Guys come up for a week and then they are gone so they don't care what happens. For the rest of the guys who live here and hunt on the weekends having your backyard pounded into submission isn't that cool. Imagine having your friends hunt all your spots that you showed them and multiply that by 45 and you will know how it feels to have the areas you hunt plastered on the internet.


----------



## jbaincfl (Feb 5, 2003)

I got ya, but it is not like they gave exact spots. Just said they had a good hunt. They could have been 20 miles in any direction.


----------



## dogdigger (Jan 26, 2004)

lakota and surrounding areas were horrible today. no ducks/geese to be found. i did see 426 trucks parked along side every road within a ten miles radius though.

mark :eyeroll:


----------



## Fireman1217 (Oct 14, 2004)

I agree....for that matter, see the post I just left a bit ago...Im going to Lakota this weekend...and it didnt even occur to me that by this guy saying he had a good hunt, that there is going to be an influx of people there...But, I see your point, kind of......but I dont think its that big of a deal..


----------



## smalls (Sep 9, 2003)

GG, don't worry, I'll take care of this one.

It doesn't take long to realize that many of the residents around this site have issues with the ever increasing pressures on our hunting grounds. One of the reasons that has been attributed to the overcrowding of some areas has been the inception of "cyberscouting". Where as guys read posts like mojoteals and flock to areas that have been specifically outlined by the post (i.e.- lakota).

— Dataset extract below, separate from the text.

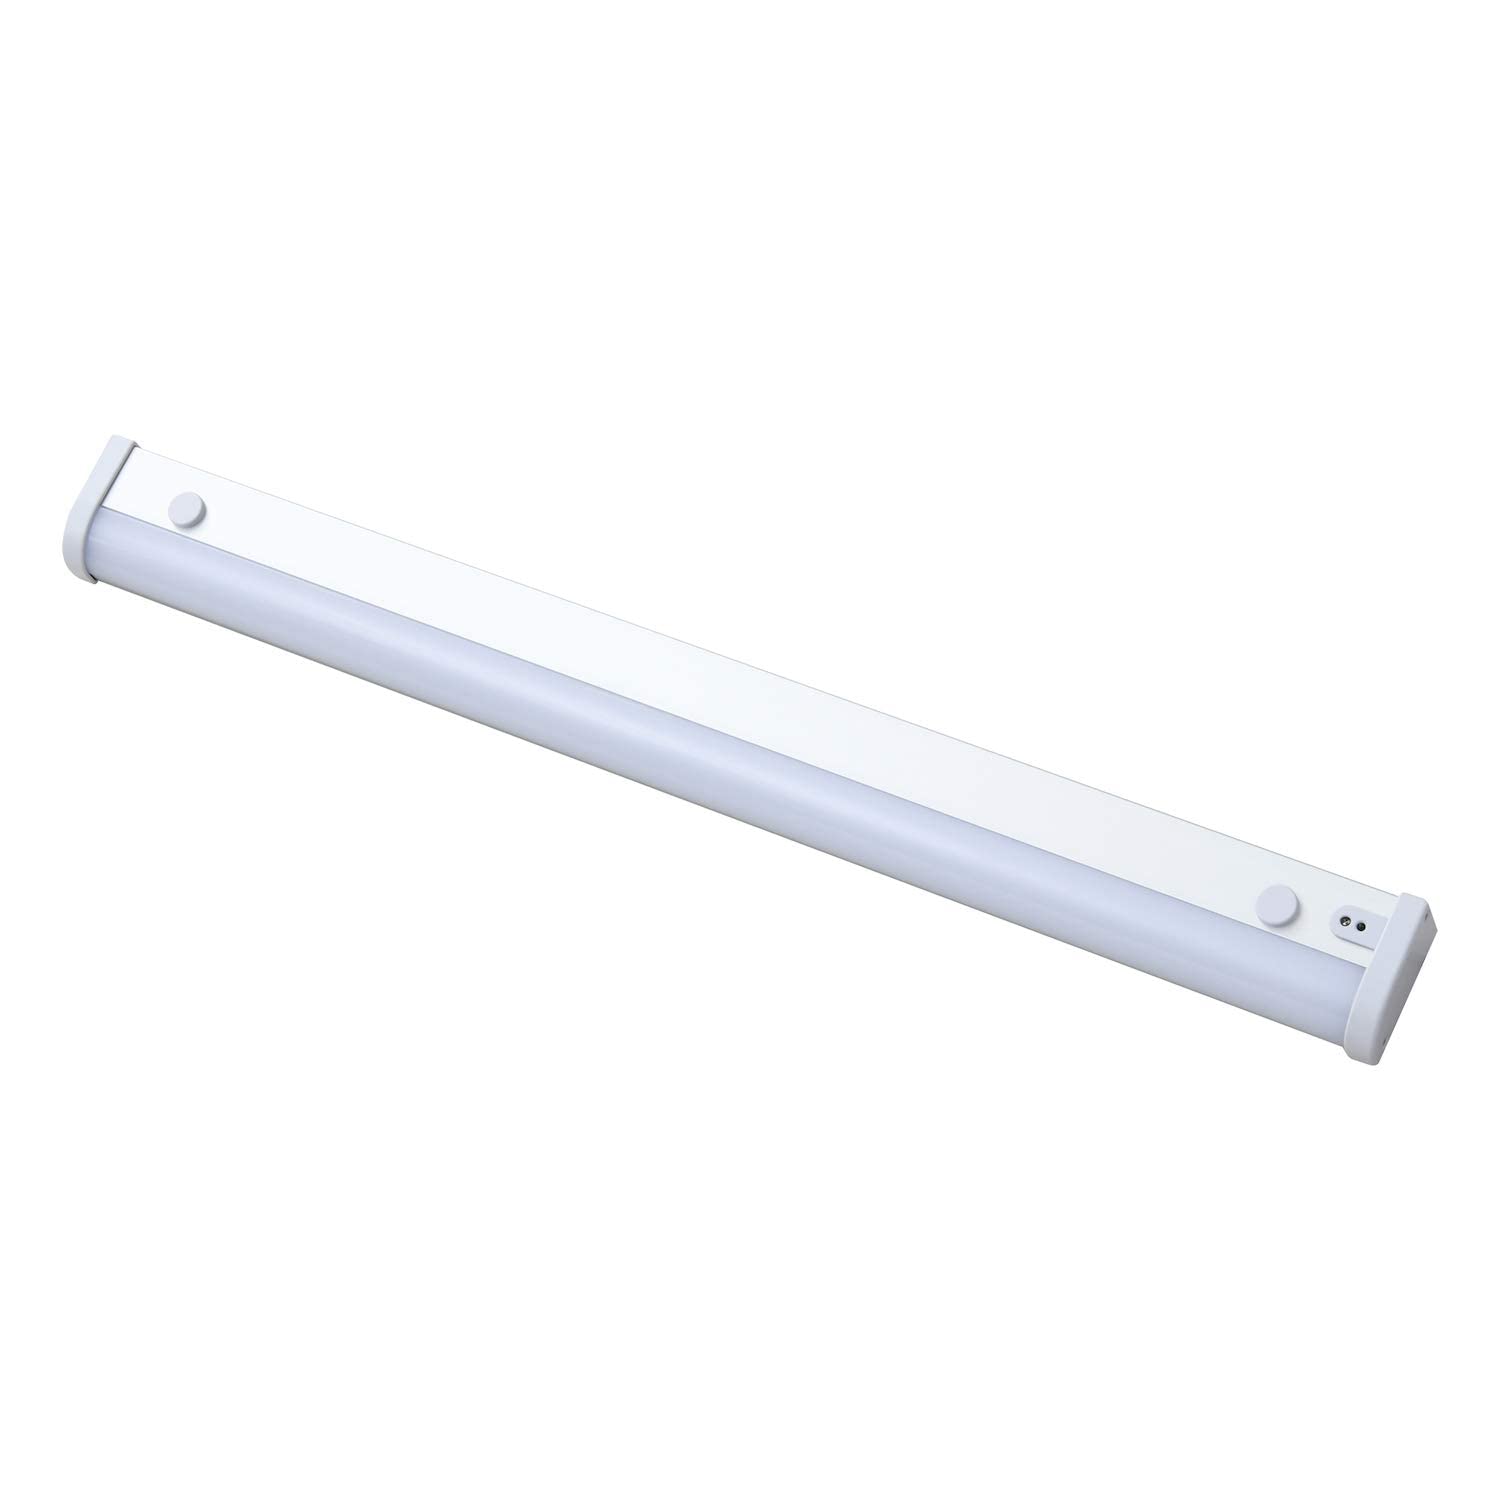 [山善] LED キッチンライト 多目的灯 近接センサー LEDライト 照明器具 工事不要 電源プラグ付き 820lm (幅45.8cm) LT-C09N ホワイト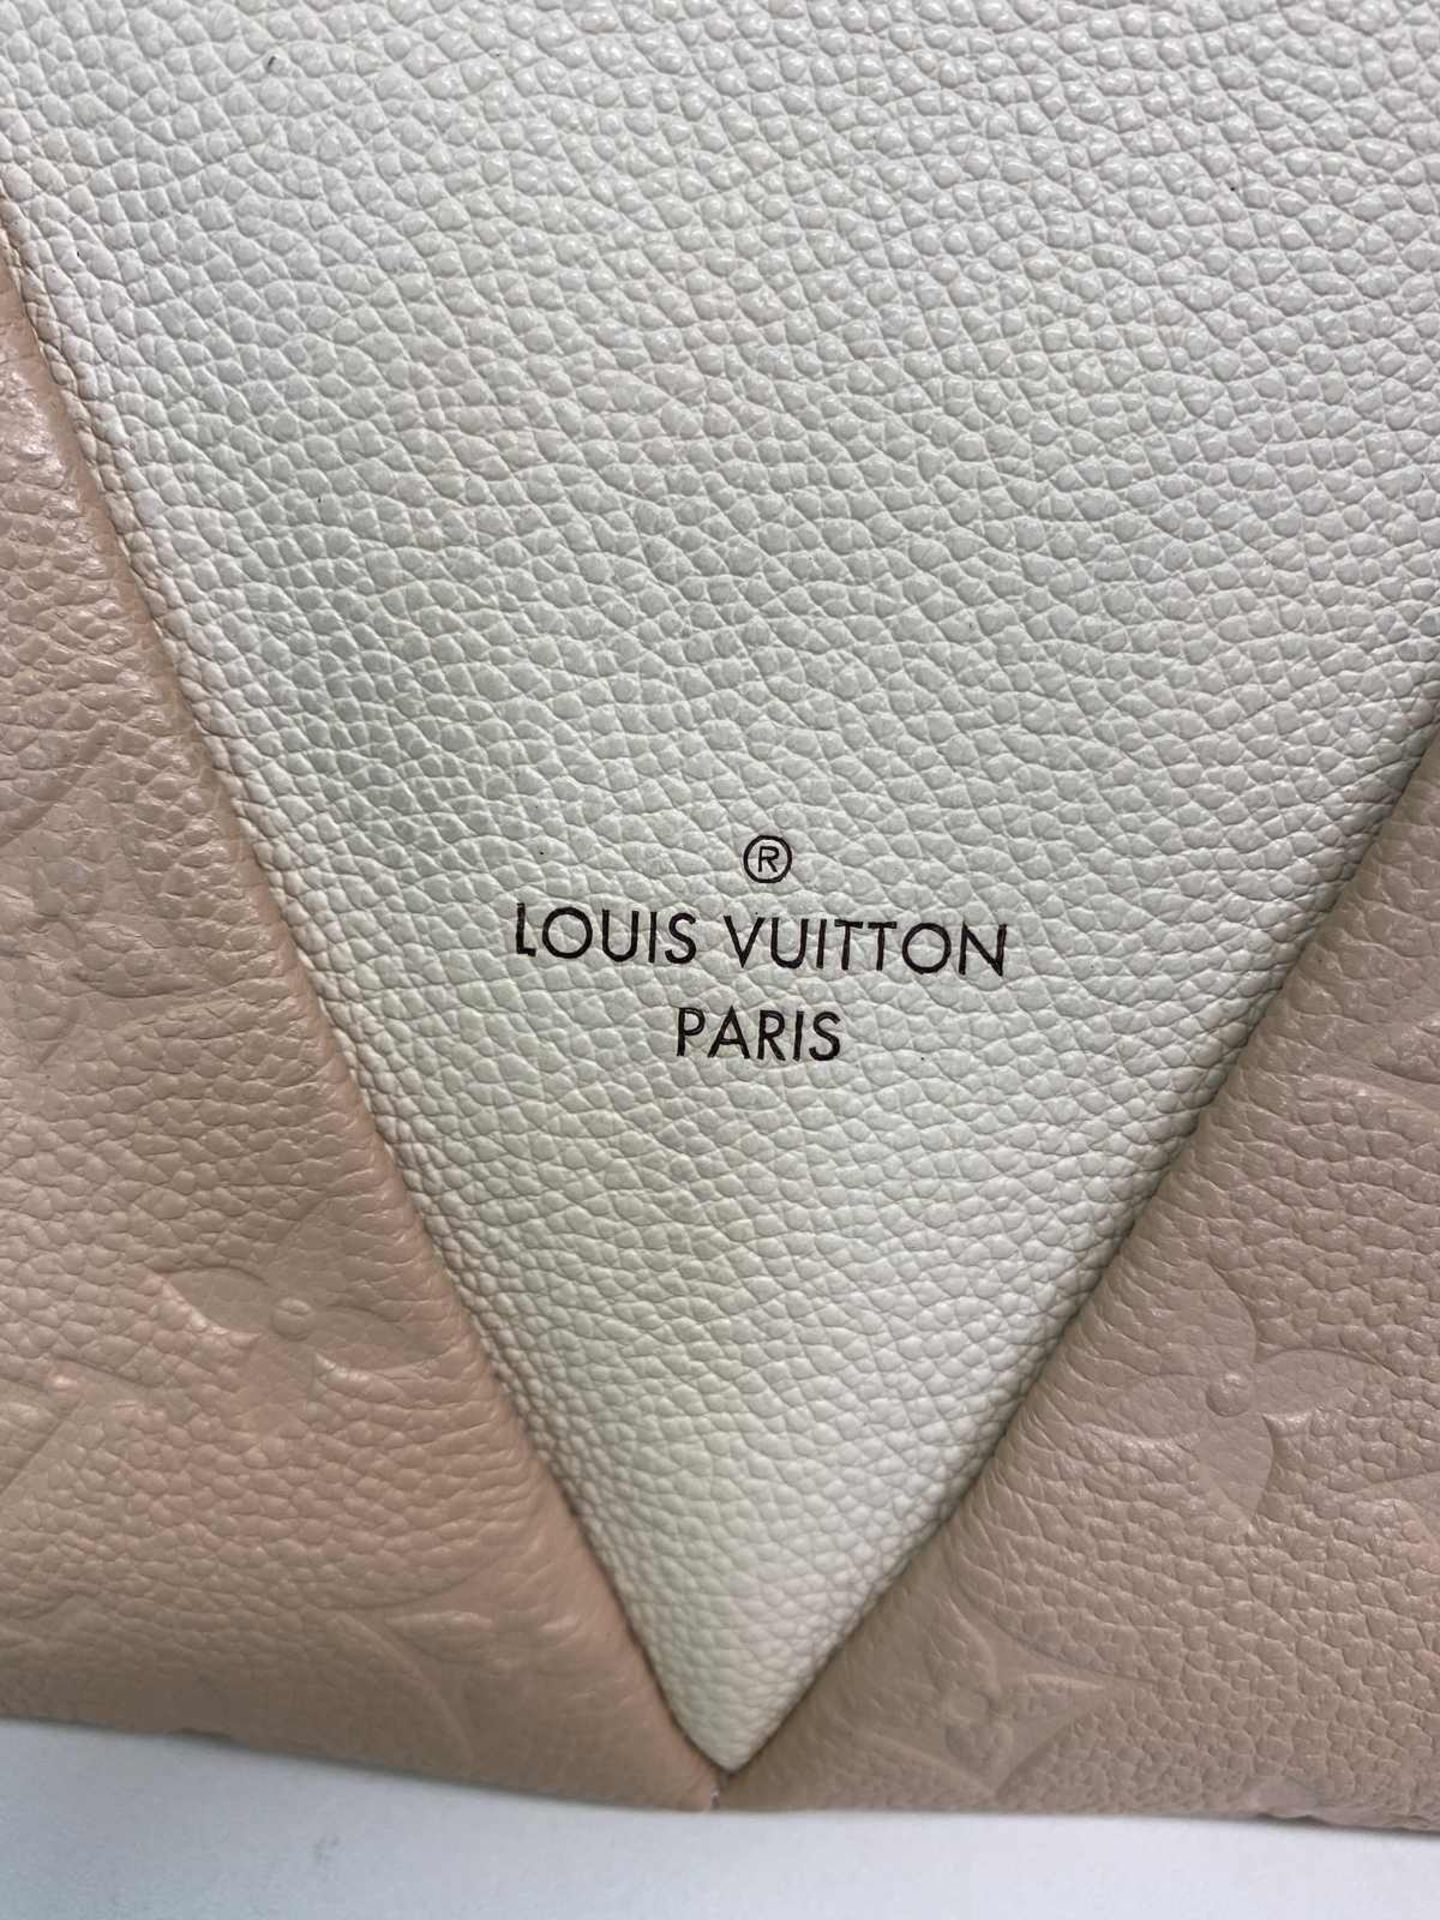 (*) LOUIS VUITTON Handtasche Louis Vuitton Tote Bag, Leder in creme beige mit Monogram Prägung. - Bild 7 aus 7

So then you have locals that try very hard to prevent they areas they like to hunt from becoming saturated with every cyber-sleuthing web-browsing waterfowler in the world. I have pm'd several people telling them to knock that sH*! off this year because they were telling everyone about MY backyard. I have no problem with a guy scouting and finding a field on his own. I don't even have a problem if he has a relationship with some peopel and he pimps his contacts to find an area with birds. But I HATE lazy assed guys who scout via the computer then flock to an area because one guy posted he shot blah blah ducks in blah blah days.

NR's get a brunt of the complaining because face it, they have less to lose about telling the 5 billion people on the internet where they hunted because they will not likely be back the next weekend, unlike the local who will be stuck with the resulting pressure and decreasing availability and quality while on subsequent hunts.

On another note. I am sure you will say you ate some of your quarry, but if what I suspect is true (you didn't), you were over your posession limit mojo.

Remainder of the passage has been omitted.